As Pizor puts it, “you only want people to be making a referral for reasons based on the merits of the product or the service: they’re good and you trust them or they have a product you can’t get elsewhere, not because you’re getting referrals.”
The CFPB’s interest dates back to 2015. The agency has requested information several times since then, with the most recent request, a civil investigative demand, coming in April. “We are continuing to cooperate with the CFPB in connection with their most recent request for information,” Zillow’s earnings report noted. “We continue to believe that our acts and practices are lawful and that our co-marketing program allows lenders and agents to comply with RESPA.”
The next step, Zillow added, could be what’s known as an “enforcement action,” which could include “restitution, civil monetary penalties, injunctive relief or other corrective action. We cannot provide assurance that the CFPB will not ultimately commence a legal action against us in this matter, nor are we able to predict the likely outcome of the investigation into this matter.”
A Zillow spokeswoman declined to answer MarketWatch questions on the scale of the co-marketing program. Company management fielded four analyst questions on the CFPB review on its quarterly earnings call and said little except that “it’s a small portion of overall revenue.”

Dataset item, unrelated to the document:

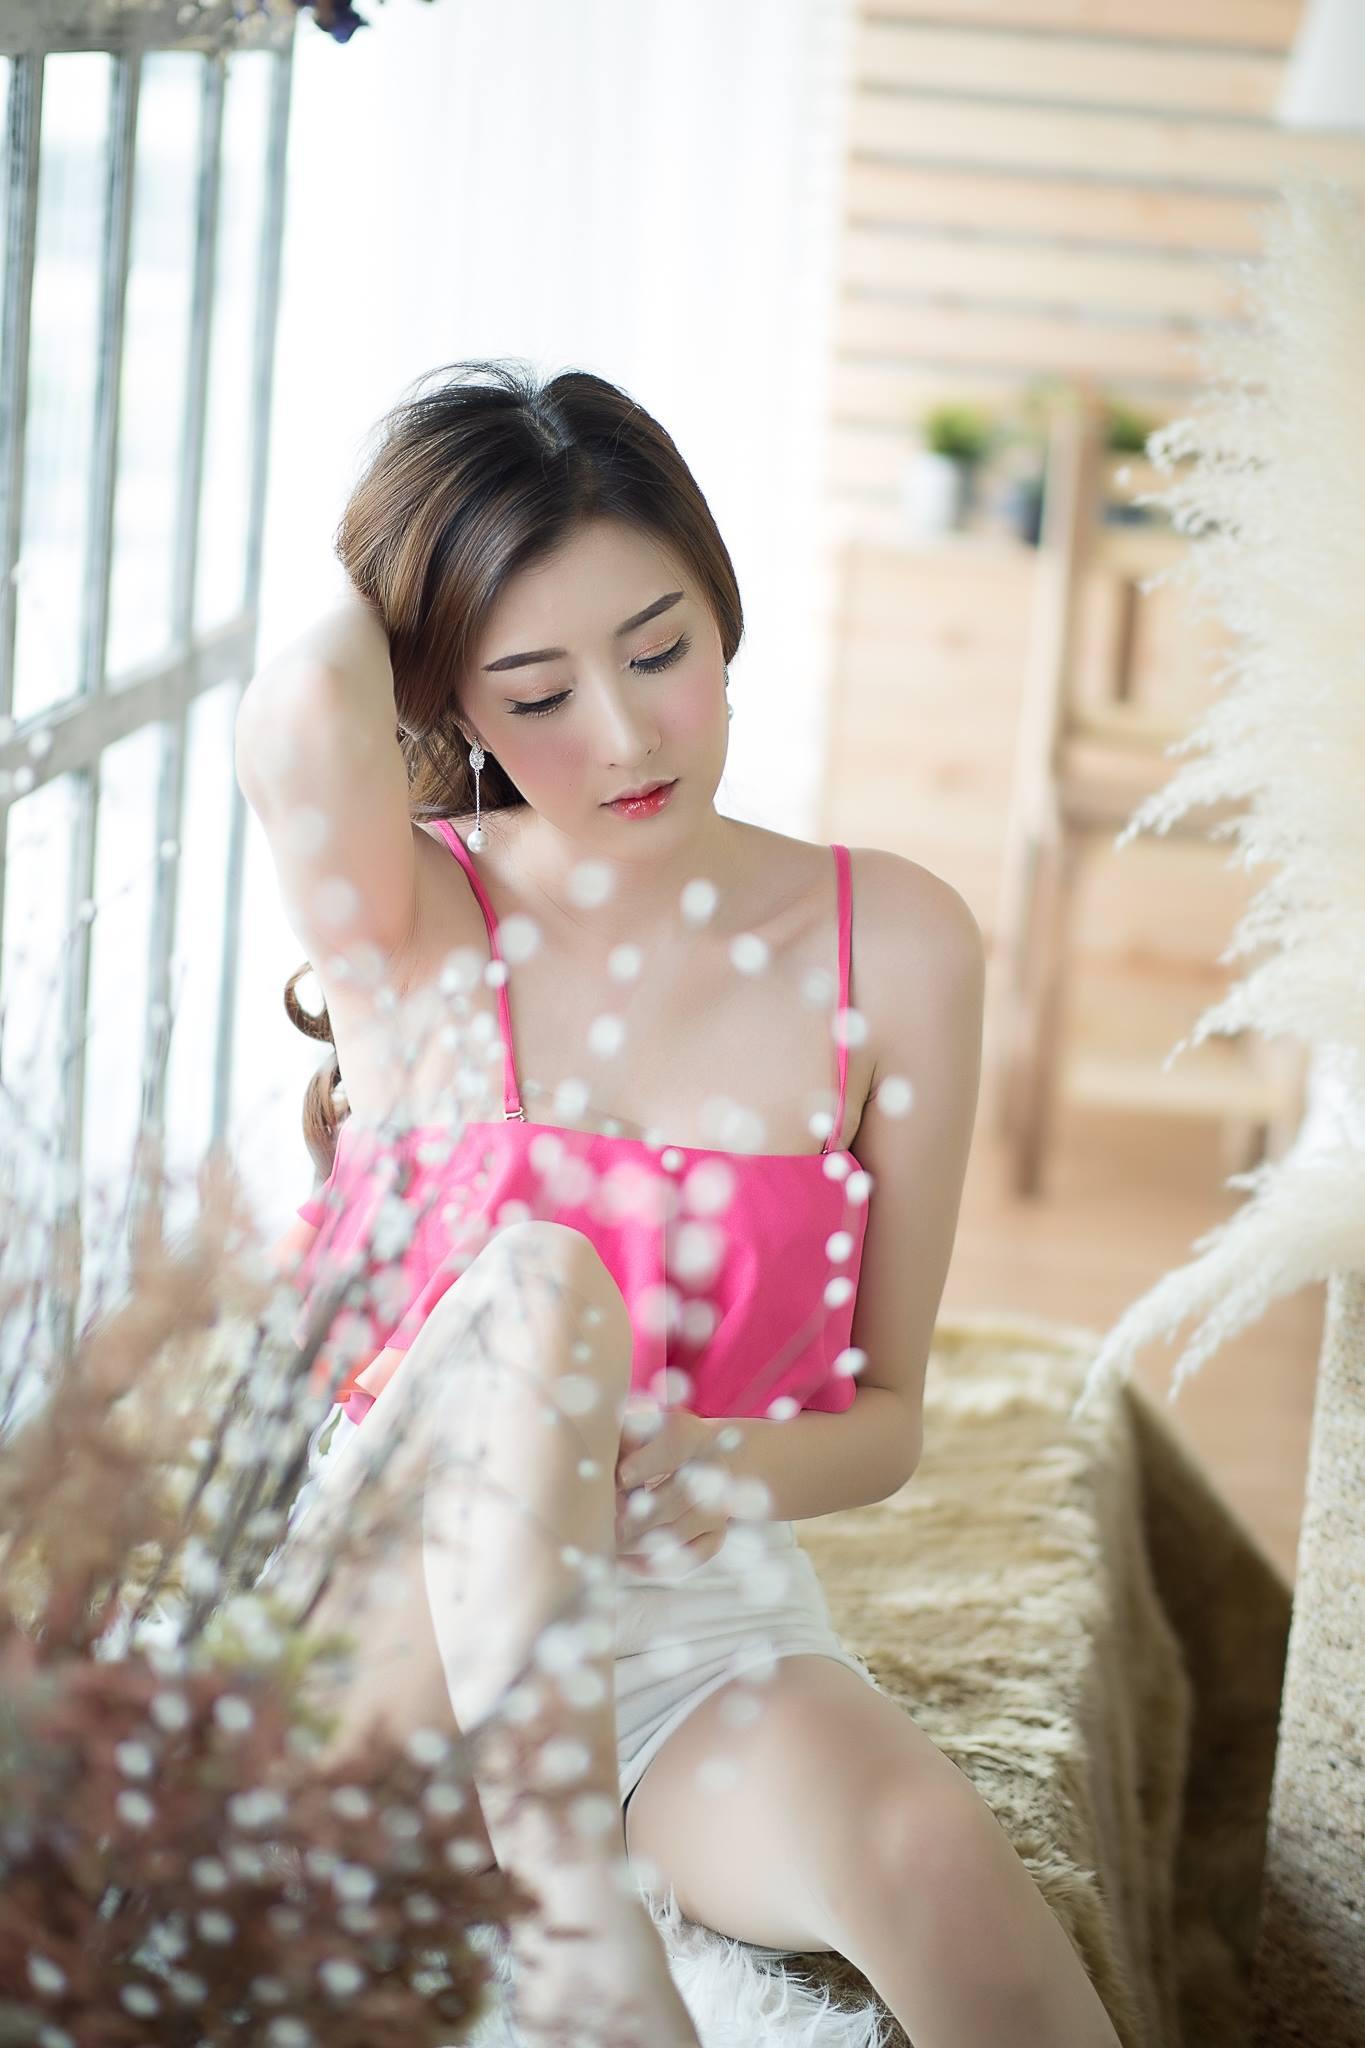 Pink Top - Nannapat Muayly Rungruangwong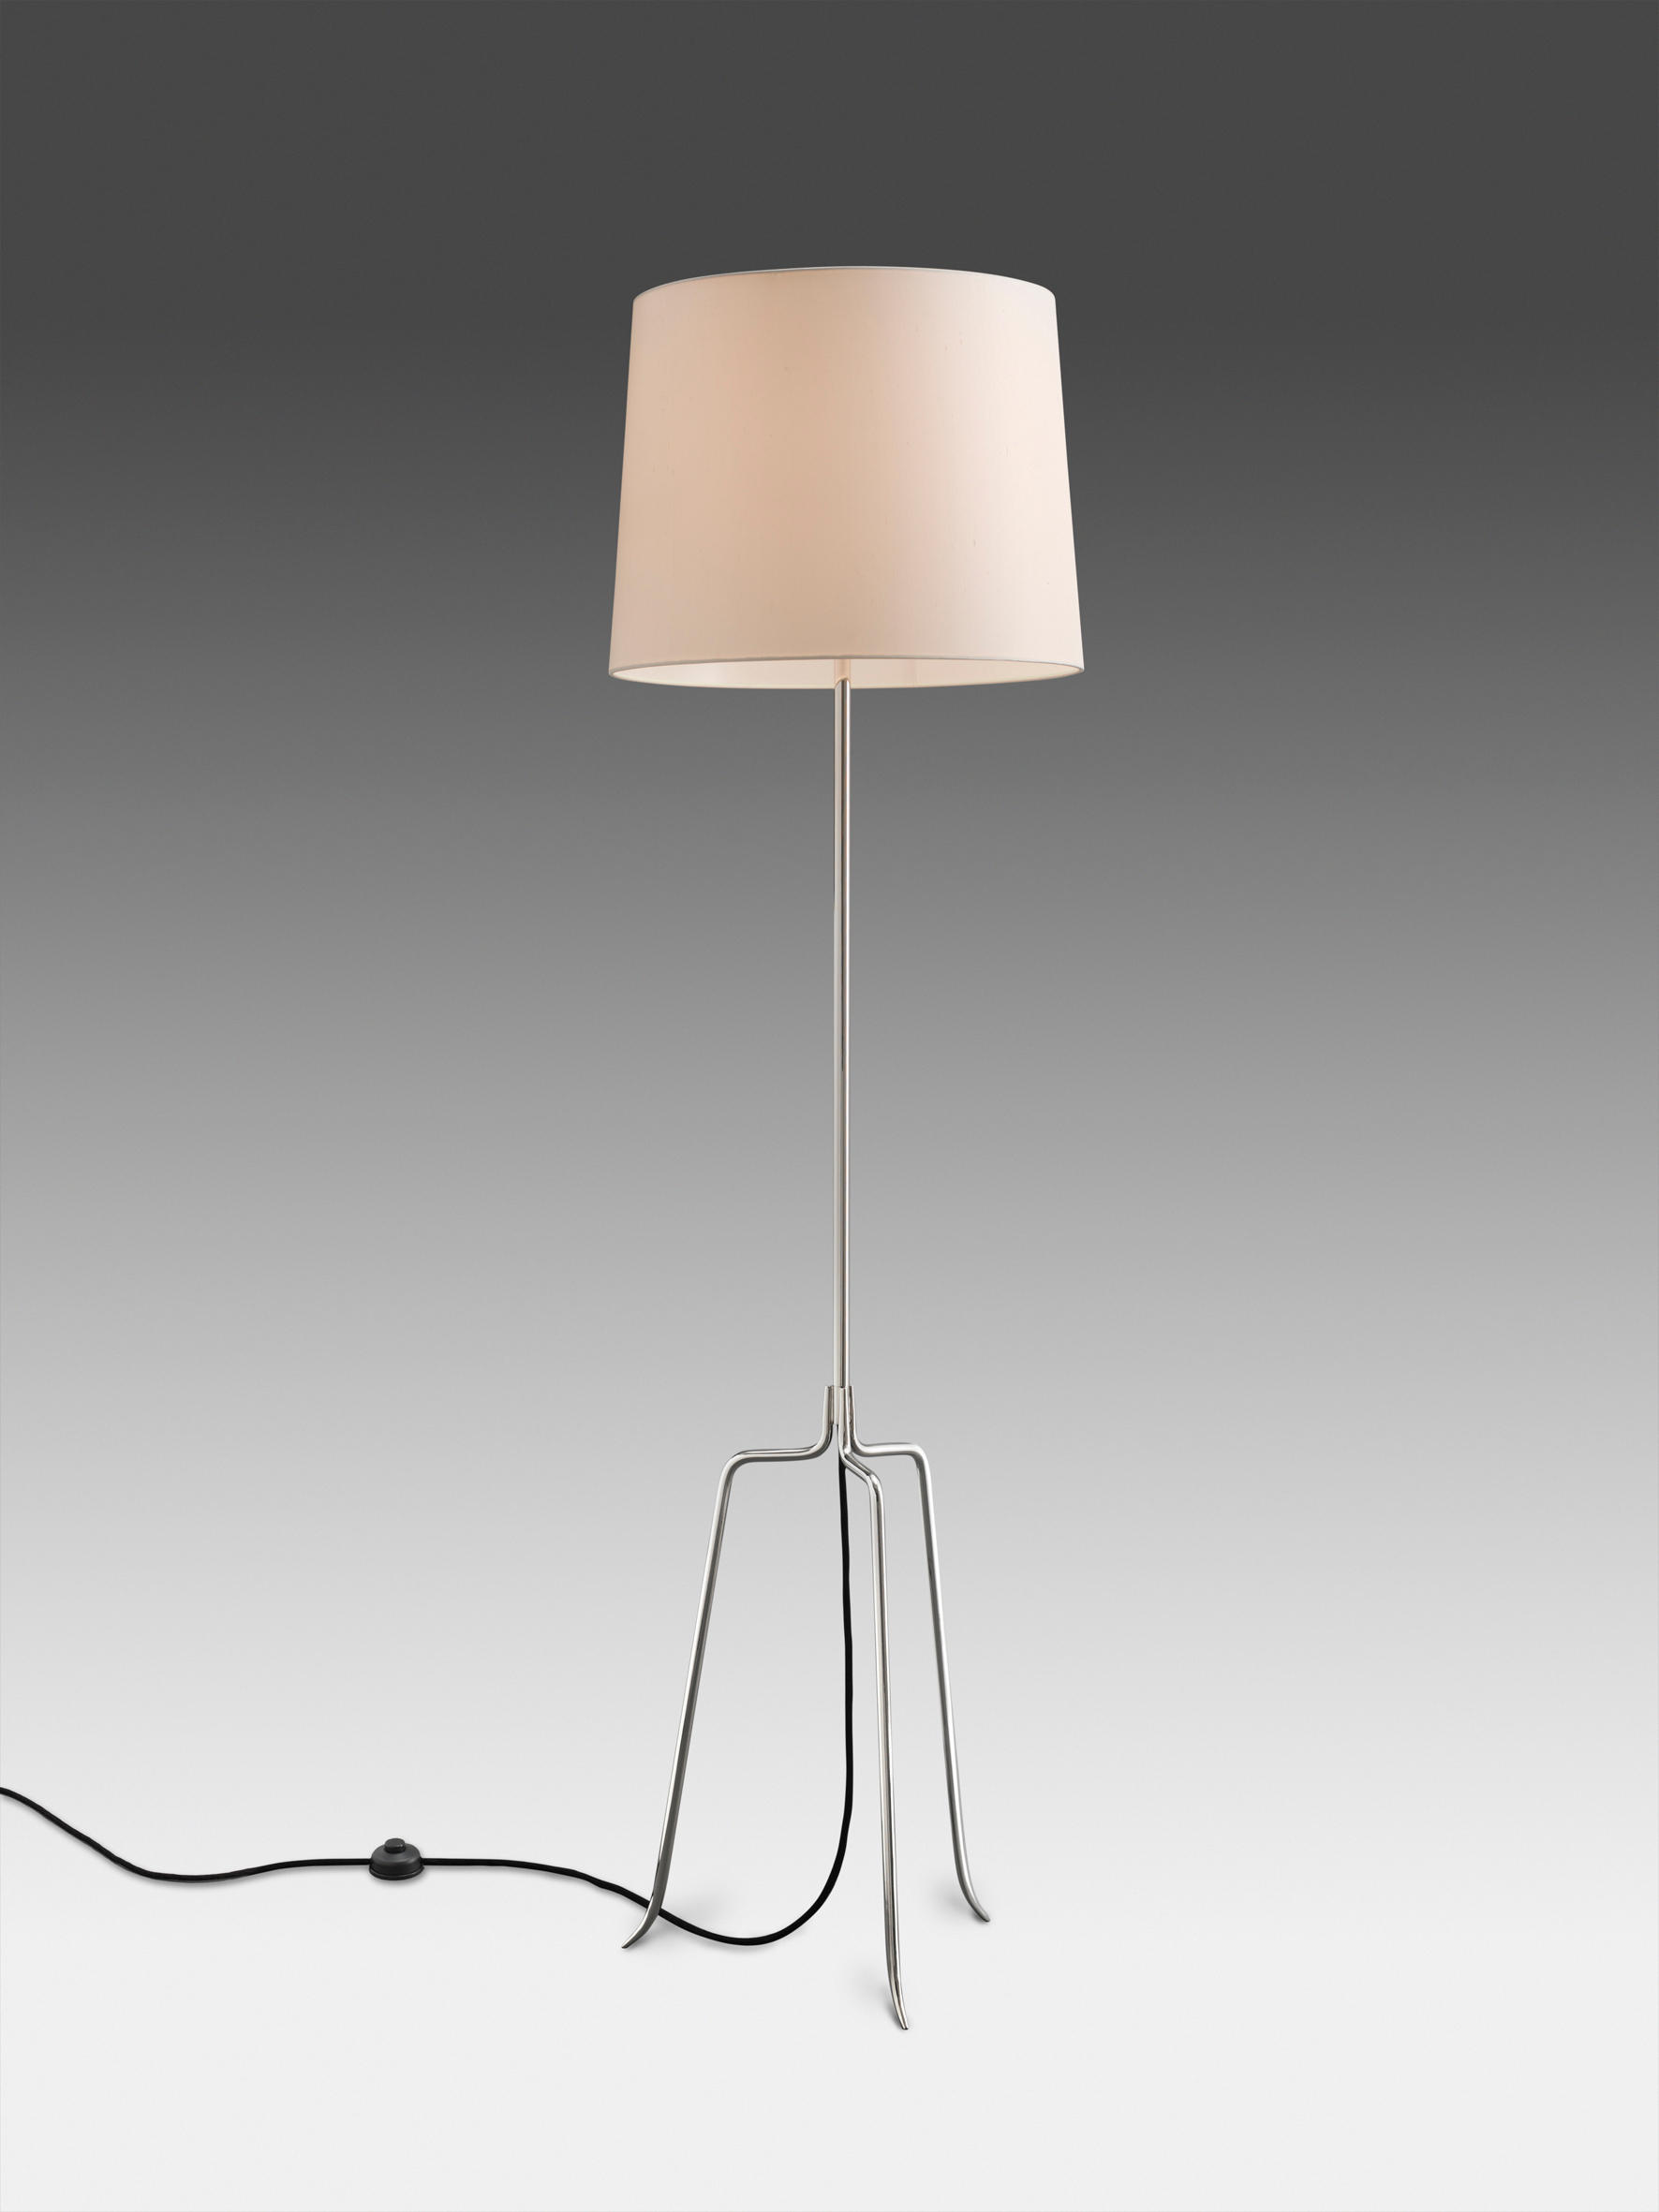 dreistelz floor lamp free standing lights from kalmar. Black Bedroom Furniture Sets. Home Design Ideas

But the prepared remarks for the earnings release noted that customer leads rose 30% compared to a year ago in the first quarter, and “we continue to expect that growth in contacts sent to Premier Agent advertisers will outpace unique user growth.”
The CFPB also declined to discuss the matter with MarketWatch.
The agency usually only takes actions like the ones against Zillow when it believes its case is “pretty clear-cut,” Pizor told MarketWatch. “I think the CFPB is being generous. I think the law is pretty clear.”
Still, Pizor said, a ruling from the CFPB would help bring clarity to the market – a step many real estate professionals would welcome. The National Association of Realtors has released best practices materials recommendations and industry lawyers are watching carefully.
The CFPB earlier this year fined Prospect Mortgage, a lender, with failing to comply with RESPA. It also fined two real estate brokers and a mortgage servicer, all of whom it said took kickbacks from Prospect.
To many industry participants, it seems clear that the co-marketing arrangement must be very profitable for Zillow. Why else would a new-media company founded to, as it says in its mission statement, “empower” customers with new ways of shopping for and maintaining a home cling to an outdated way of doing business, rather than trying to disrupt it with a newer, better model?
“Nobody is doing referral fees any more. They were done away with. Marketing service agreements are the next wave of that,” said Brian Faux, CEO of Morty, an online mortgage brokerage.
Faux describes Zillow as a “great web site with a lot of data that’s good for consumers,” including data that helps them understand the cost of owning a home.
Still, he said, “anything that makes it easier for lenders to advertise non-qualified rates isn’t good for the industry.”